The NMGS position aligns with broader federal rhetoric on diversification. Yet implementation has lagged. Solid minerals exports remain marginal relative to crude oil exports, according to Nigeria Customs Service trade data for 2025.
Export ratios tell the story.
Tourism, as presented in Akwa Ibom’s strategy, offers a different pathway. It does not require federal licensing in the same way mining does. It relies instead on infrastructure, marketing, and security.
Entry barriers are lower.
The inspection of the Arise Palm Resort therefore functions as a demonstration project. It signals an attempt to diversify within the constraints imposed by federal control over mineral resources.
Intent is visible.
Governance Claims and Verifiable Outputs
Delegates commended Governor Umo Eno for “impactful governance.” That claim is not accompanied by performance indicators in the NMGS communiqué.
Verification is limited.
State budget execution reports for 2025, published by the Akwa Ibom State Ministry of Finance in February 2026, show capital expenditure performance at 68 percent of appropriation. The report does not isolate tourism projects as a standalone category.
Aggregation obscures detail.
Public procurement data for the Arise Palm Resort remains incomplete. No contract award notices or contractor identities were found in the Bureau of Public Procurement portal as of March 28, 2026.
Documentation gaps remain.
The Nigerian Mining and Geosciences Society used its March 2026 AGM in Uyo to push diversification, but cited less than 1 percent GDP contribution from mining based on NBS data.
Akwa Ibom’s ₦3.2 billion tourism allocation in the 2025 budget lacks detailed project breakdowns, including for the Arise Palm Resort.
Federal control under the Nigerian Minerals and Mining Act, 2007 limits the state’s ability to independently expand mining activity.
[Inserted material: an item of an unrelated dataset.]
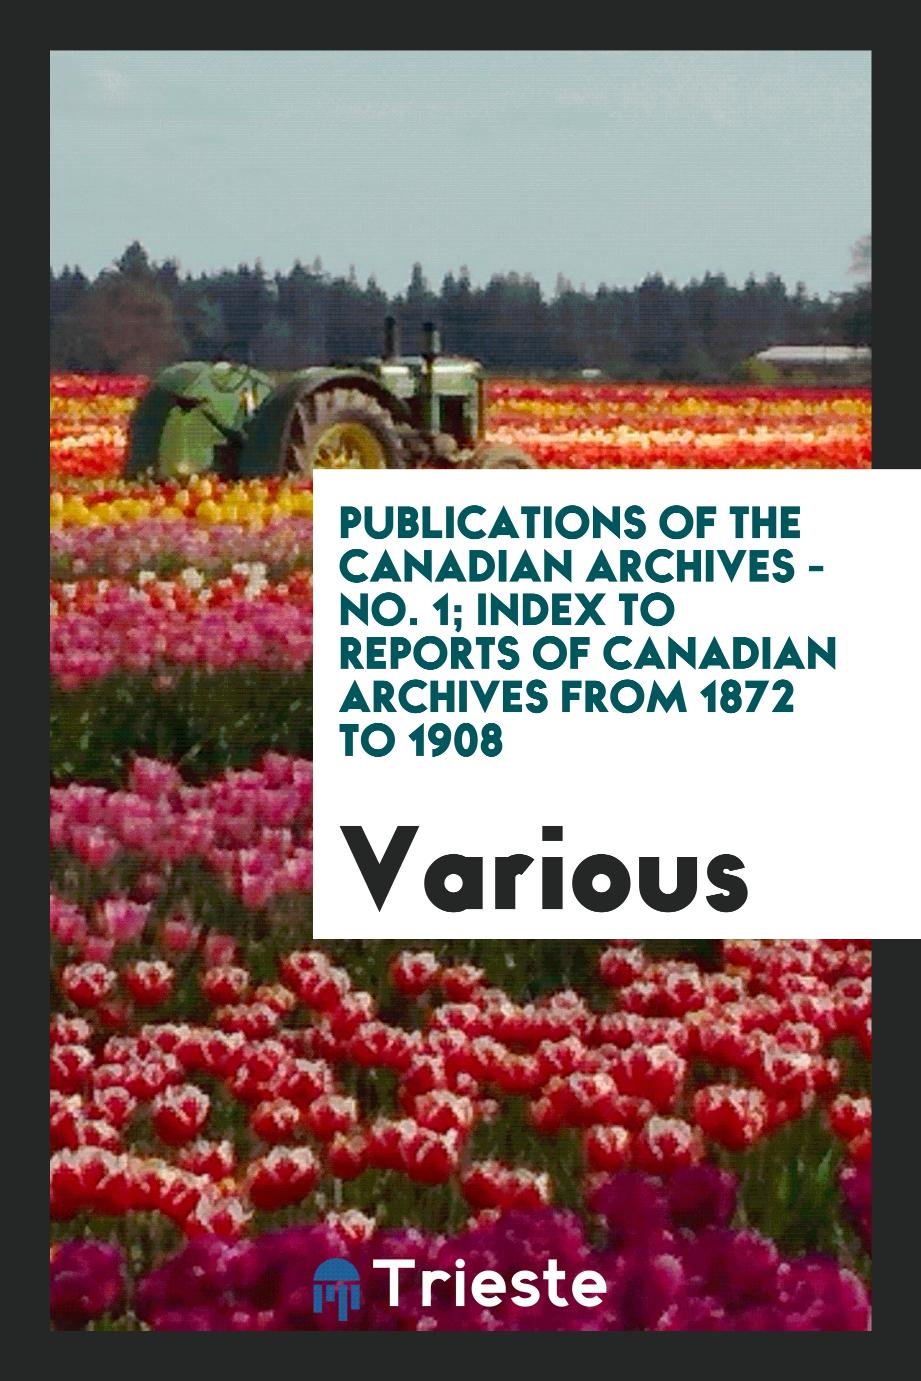 Publications of the Canadian Archives - No. 1; Index to reports of Canadian Archives from 1872 to 1908

Public records on contracts and expected returns for inspected projects remain incomplete as of March 28, 2026.
Why is NMGS focusing on tourism instead of mining during this visit?
Because states cannot control mining licenses. Tourism projects are easier to execute at the state level without federal approvals.
Does Akwa Ibom have major mineral resources?
Not at scale compared to leading mining states. Available data points to lower-value minerals like clay and sand.
Is the Arise Palm Resort publicly funded?
Partly, yes. The 2025 state budget allocates ₦3.2 billion to tourism projects, but exact spending on this resort is not clearly itemized.
The next test is procedural. The Akwa Ibom State High Court is expected to hear Procurement Suit No. AKS/HC/145/2026 on May 9, 2026, challenging the award process for segments of the Arise Palm Resort development. At issue is ₦1.1 billion in disputed contracts and the question of whether due process under the Akwa Ibom State Public Procurement Law, 2020 was followed.